Cosa

Cosa is a simple web crawler that generates a database for use by other tools and reports.

It starts with a URL and domain name and will parse links returned by that URL, check all links to web pages, images, CSS, and script files. Links to HTML pages on the same domain will be recursively parsed until the queue finishes. Results from each URL and the link structure are contained in the database.

Cosa will only re-crawl URL's when the shelf life has expired or when specifically requested to re-fetch a URL. The default shelf life is one day, this can be changed in the config.

Dependencies

Cosa relies on the following ruby gems.

Typhoeus, a library for running HTTP requests
```
  gem install typhoeus
```
Sequel, a database toolkit
```
  gem install sequel
```
Trollop, a command line option parser.
```
  gem install trollop
```
RMagic, an interface between Ruby and the ImageMagick and GraphicsMagick image processing libraries.
```
  gem install rmagick
```

RMagick requires the ImageMagick library, which can be downloaded here

Nokogiri, an HTML parser
```
  gem install nokogiri
```

If you run into difficulty see Installing Nokogiri.

Installing Cosa

After downloading Cosa run gem build cosa.gemspec followed by sudo gem install cosa-0.3.1.gem in the directory where Cosa is located.

Running Cosa

First, rename sample_config.yaml to config.yaml and modify it to meet your needs.

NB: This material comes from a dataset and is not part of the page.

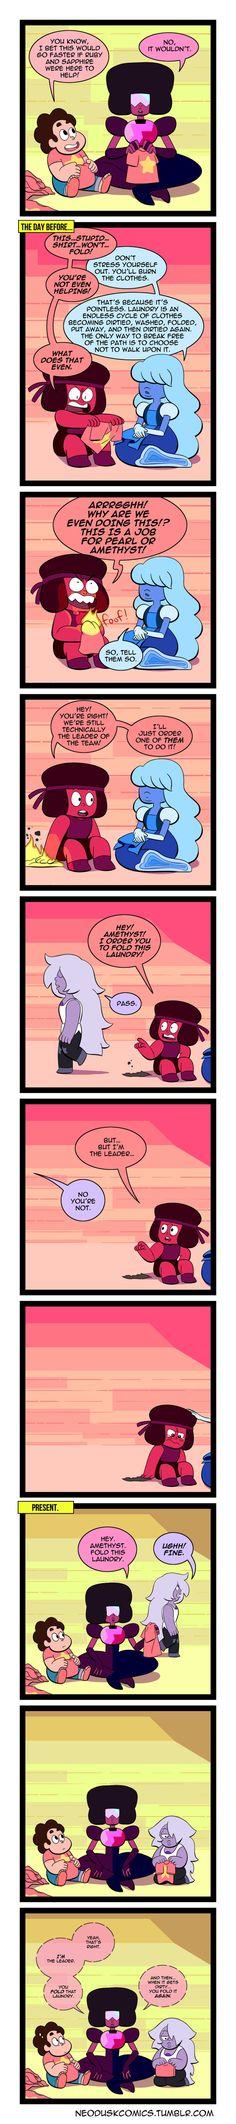 Steven Universe: One Head is Better Than Two by Neodusk on DeviantArt

You have three options when running Cosa.

  cosa crawl

Resume crawling from the first item in the queue.

  cosa crawl http://www.example.com [-options]

Cosa will start at this address, and crawl every page on the site.

  cosa crawl http://www.example.com/directory/ /directory/page/ [-options]

Cosa will start at 'http://www.example.com/directory/', and then only add links to the queue if they contain the pattern 'http://www.example.com/directory/page'.

Because Cosa stores the queue in the database, you can quit the program at any time and when you restart it will begin where it left off.

Using the data Cosa generates

Cosa uses a simple database with the following three tables:

urls – Each URL linked to from the site. Contains: url, date_accessed, content_type, content_length, status, response (the entire HTTP response body), validation_type, and valid
links – Stores the relationship between URLs. Once the crawl is complete, you can query this table to determine all URL's a given URL links to, and all URL's that link to a given URL.
queue - Working list of URLs that need to be crawled.
meta - List of IDs, that correspond to URLs in the urls table. Contains details about those links.

Help

Usage: cosa [options] crawl OR crawl [starting_url] OR crawl [starting_url pattern]
            [-i] [-n] [-b] [-u] [-q] [-e] [-S/-V] [-v] [-h]
            [-a url_one url_two] [-c config_file]
            [-l type] [-x exception] [-o /path/to/snapshot]
            [-g date] [-r seconds] [-t URL] [-f URL] [-I URL]

Commands:
crawl                   : Start the crawler. Look above for examples of usage.

Options:
--init, -i              : Command-line tool for creating and saving a config file.
--add, -a <s+>          : Add a URL (or multiple URLs, separated by spaces) to the queue.
--config, -c <s>        : Run Cosa with a given config file. Otherwise, Cosa will use the default config if it exists.
--broken, -b            : List all URLs that contain broken links, and their broken links.
--abandoned, -n         : List all pages that are no longer linked to.
--exception, -x <s>     : Add a regex exception to the config file given with the -c flag.
--info, -I <s+>         : Get information about the given url(s).
--list, -l <s>          : List all URLs of the given type.
--age, -g <s>           : List all URLs that are older than the given date.
--queue, -q             : List all URLs in the queue.
--clear-queue, -e       : Empty the queue.
--response-time, -r <f> : List all URLs that took longer than <seconds> to respond.
--unresponsive, -u      : List all URLs that were not responsive.
--to, -t <s>            : List all URLs that link to the given URL.
--from, -f <s>          : List all URLs that the given URL links to.
--silent, -S            : Silence all output.
--snapshot, -o <s>      : Export the entire site from Cosa as an HTML snapshot to the given full path.
--verbose, -V           : Verbose output.
--version, -v           : Print version and exit.
--help, -h              : Show this message.

Cosa currently supports SQLite and MySQL.

Juan de la Cosa

We named Cosa after Juan de la Cosa.

He made the earliest extant European world map to incorporate the territories of the Americas that were discovered in the 15th century, sailed with Christopher Columbus on his first three voyages, and was the owner/captain of the Santa María.